Goodtables is a free online service for tabular data validation, developed by the Frictionless Data team of the Open Knowledge Foundation. This open source tool will check basic structural errors such as blank or duplicate rows, duplicate headers, whether all rows have the same number of columns, etc. The data can be validated by providing a URL to the file (e.g. link to GitHub repository) or by uploading a file. Several formats are admitted: csv, excel, LibreOffice, Data Package, etc. Besides, a data schema can be uploaded to enable further checks, such as whether the data type (e.g. date), format (e.g. YYYY-MM-DD) and possible data constrains (e.g. no later than 2000-01-01) are respected. Documentation about the tool is available at: http://docs.goodtables.io/index.html

DataWiz Knowledge Base

The knowledge base’s of the DataWiz is a complete RDM guideline for Psychology research to support or complement the use of the DataWiz data management tool. The content is structured in three sections: before, during and after data collection & analysis. The first section covers data management planning as well as the various legal and ethical aspects related to data management. The second section focuses on best practices and tips for handling and documenting data during research. Finally, the last section focuses on how to share and preserve data at the end of the project.

The R workshops and the R café

Utrecht University organises regular workshops to teach R basics: data handling and visualisation, and making research reproducible with R and R Markdown. The R Café has a more informal set-up, where researchers with R programming skills can meet and learn from each other, or from prepared exercises.

Data Cleaning with Open Refine for Ecologists

Data Carpentry has developed this course of data pre-processing with Open Refine, an open tool to work with data. The course covers several topics such as error correction and data formatting and harmonization.

Version control tools & techniques handout

The Massachusetts Institute of Technology (MIT) has developed a series of file organization handouts. The handout for version control briefly summarise different techniques for version control and provides an overview of the main differences between automatic change log platforms and tools.

Version control with Git course

This course prepare by the Software Carpentry guides through how Git (and GitHub) can be used to manage versions during a project. It starts with the basics (setting up Git and creating a repository), and follows with practical guidelines to track changes, collaborate or resolve conflicts. It has also dedicated sections about the impact of version control on Open Science, licensing and citations.
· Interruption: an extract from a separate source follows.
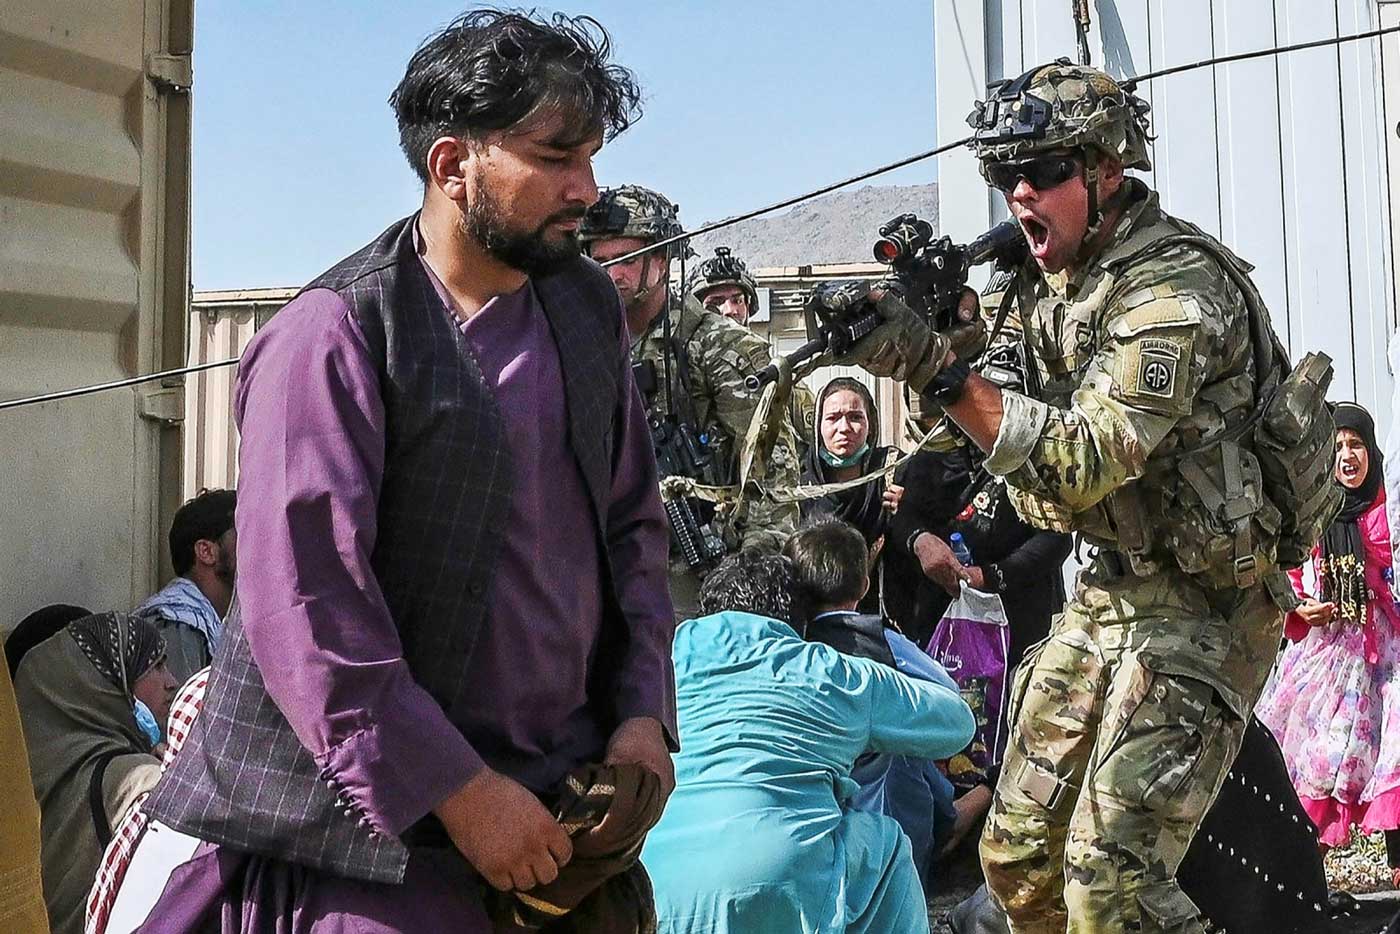 Американский солдат нацеливает оружие на афганского пассажира в аэропорту Кабула в понедельник 16 августа 2021 года, когда тысячи людей осаждали аэропорт, чтобы покинуть страну.

Guidelines and examples of transcription of qualitative data

The UK Data Service has compiled a set of instructions and best practices to transcribe qualitative data from interviews. This guide seeks to provide advice to ensure methodological consistency and to increase the shareability and reuse of qualitative research data. It provides links to further instructions, examples and a template transcriber confidentiality agreement.

Data processing recommendations for Social Sciences

The CESSDA (Consortium of European Social Science Data Archives) Data Management Expert guide provides a specific chapter about processing data, which includes tips and examples on topics such as quantitative and qualitative coding, adequate weights of survey data and data quality assurance.